Hunters and anglers pay attention to their surroundings as their pursuits demand it. In Montana, this includes the political landscape.
With a new administration and Legislature taking the helm, sportsmen and women are asking what might be in store for Montana’s cherished outdoor way of life. Posts are spiking in online forums, sporting coalitions are convening on Zoom, and op-eds are filling daily papers – all speculating what might lie ahead. There’s a shared concern that things may not be as good as they have been. What is really at stake here? Why are so many hunters and anglers concerned?
Let’s start with how we manage and conserve fish and wildlife in Montana. As citizens, we intuitively understand that some things in life deserve to be protected for the benefit of everyone. In Montana, these “things” include fish and wildlife.
To this end, the Montana Fish, Wildlife and Parks (FWP) was established. And for more than a century, we’ve done a great job managing fish and wildlife to best meet the interests of current and future generations. The species hunters and anglers pursue and care most about are all at or near record highs and the sale of hunting and fishing licenses parallels this trend. Let’s face it, if you want to live the life of a carefree hunter or angler, there is no better place in the world than Montana.
Many view FWP as holding sweeping powers and unfettered autonomy. But this is not the case. The specific directives that matter most to hunters and anglers such as opportunities, seasons, and bag limits are actually not up to FWP to decide. This responsibility falls to elected and appointed officials in their respective offices as governor (who also appoints the FWP director), the Legislature, the FWP Commission, and other executive bodies. This reality is why people are concerned about what lies ahead for our outdoor lifestyle.
For years, our fish and wildlife have been managed as a public trust resource on behalf of and for the people of Montana. We collectively held firm to the ideal that the opportunity to hunt and fish must be available to the average person no matter what their social or economic status might be: one only needs a modestly priced license and some leisure time to participate.
Overall, this utilitarian approach to fish and wildlife management of the greatest good for the greatest number has served the public well. But it stands on shaky ground, especially when one considers the prospect of commercialization and privatization of fish and wildlife. Whereas public trust management seeks the greatest good for the greatest number, private resource management does not. The danger of commercialization and privatization is a shift away from the average hunter and angler toward hunting and angling for certain segments of the society only. For example, officials may decide to grant hunting licenses to landowners to use how they please including selling them to the highest bidder.
The interests of Montana’s hunters and anglers as a whole have been in excellent hands with recent the FWP commission, especially with the outgoing commission under the leadership of Shane Colton. It is obvious that the five-member board understands and embodies the essence of being a steward of the “public trust in fish and wildlife.”
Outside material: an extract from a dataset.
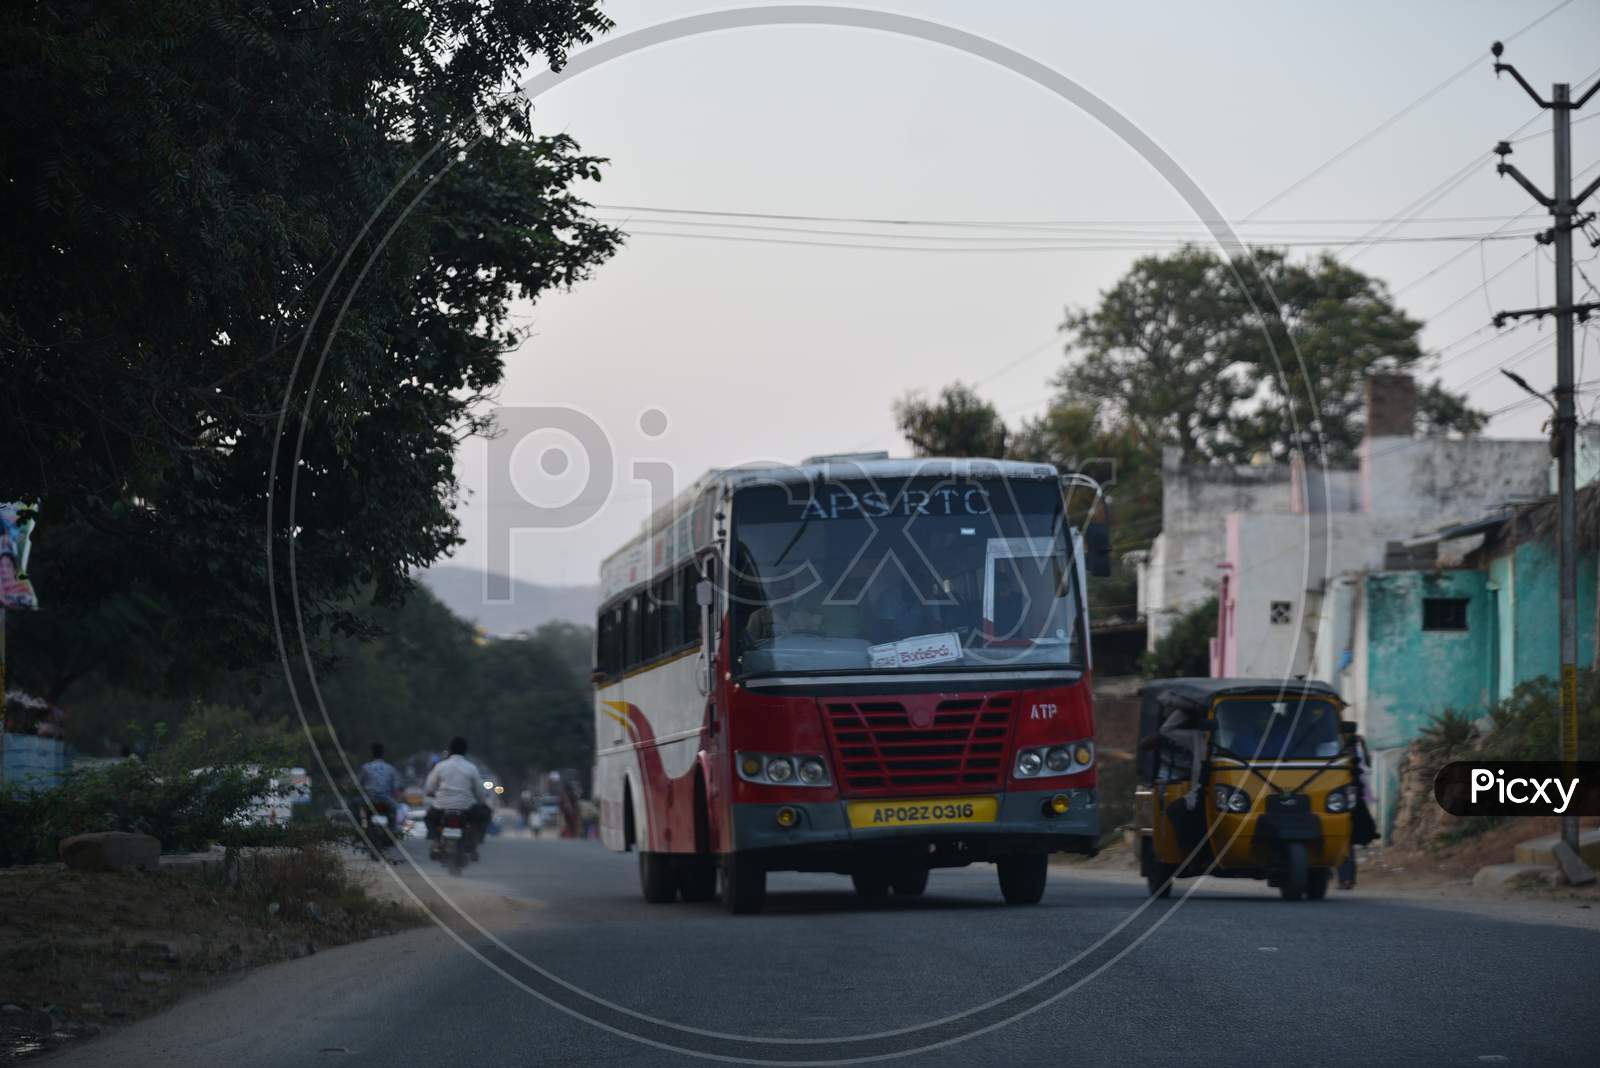 APSRTC Bangalore bus in Penukonda
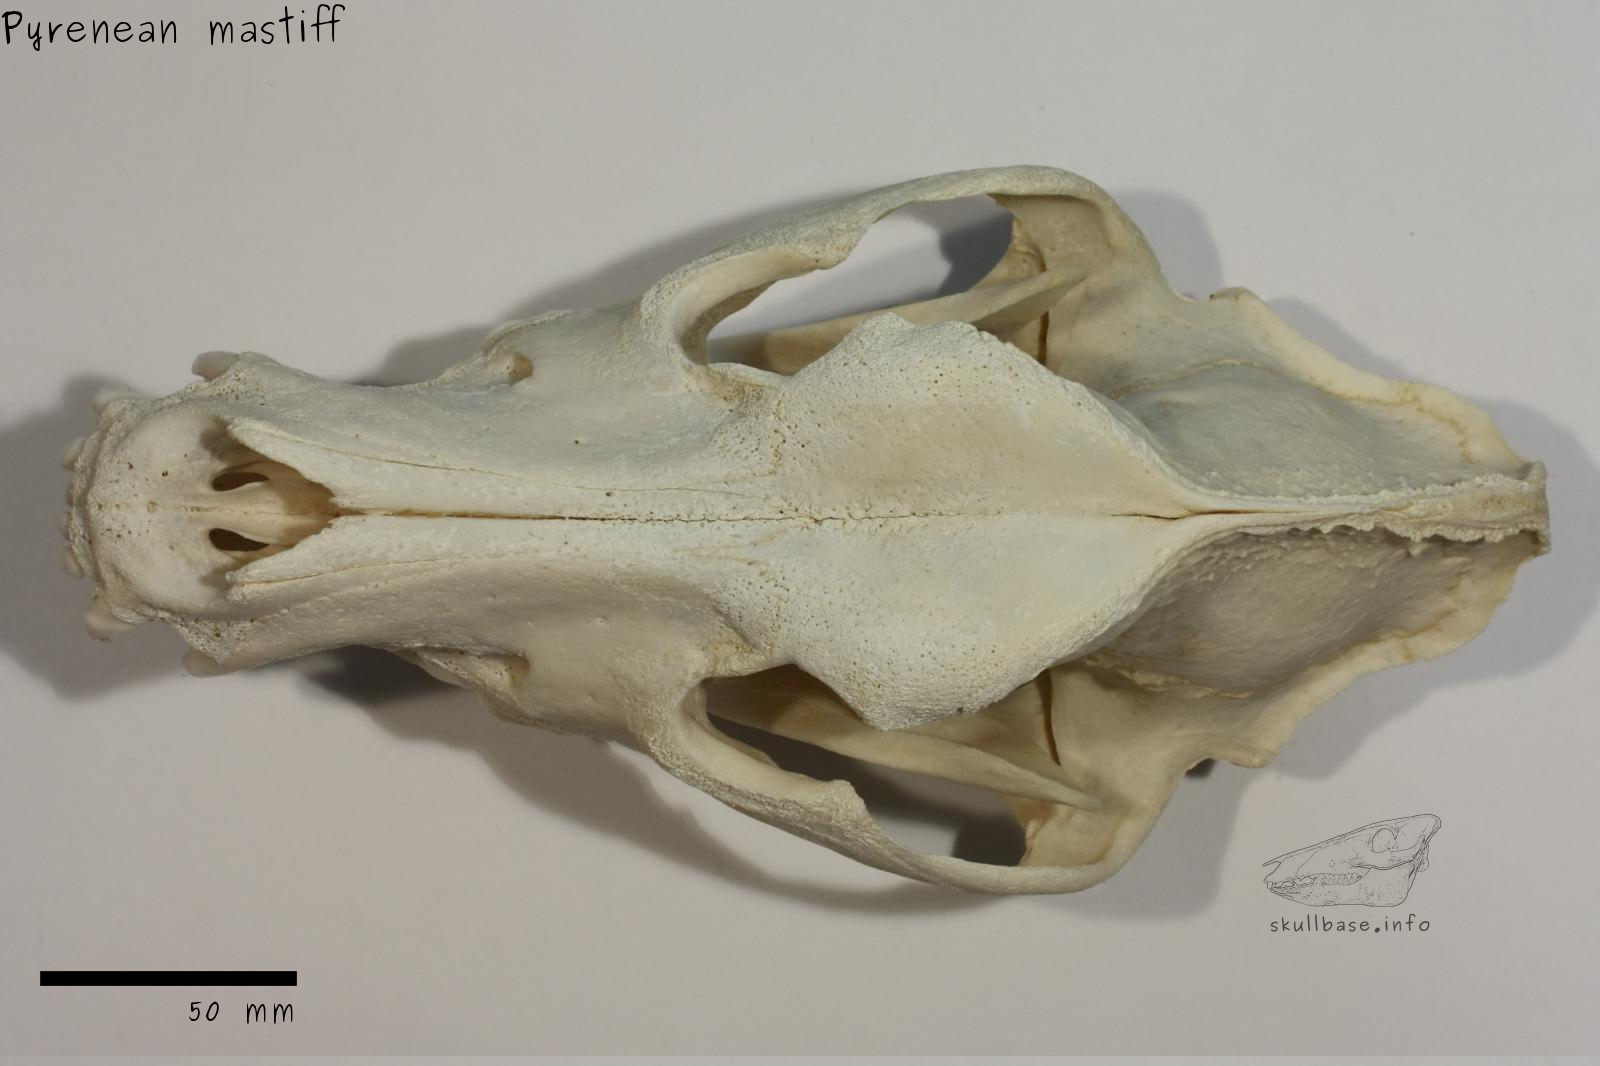 Pyrenean mastiff (Canis lupus familiaris) skull dorsal view

When you hear commissioners ask questions such as, “What will this change to a hunting season mean to the average hunter?” or “How can we ensure that the public has more opportunities to recreate?” or “How can we provide more access opportunities to anglers?” you witness decision-making based on principles of public trust. Yet, we must not take this way of decision-making for granted as our elected/appointed officials are not required to govern this way. They are under no obligation to follow suit and may opt to abide by a different set of guiding principles, including commercializing and privatizing Montana’s fish and wildlife.
In the coming months, pay close attention to how your opportunity to hunt and fish is managed. Greater opportunities will help Montana, the average hunter and anglers, and our fish and wildlife to thrive. Commercialization and privatization will not. If you witness your opportunities diminishing, hold your elected officials accountable as they make the rules on the things that matter most.
Thomas Baumeister serves on the board of the Montana Chapter of Backcountry Hunters and Anglers.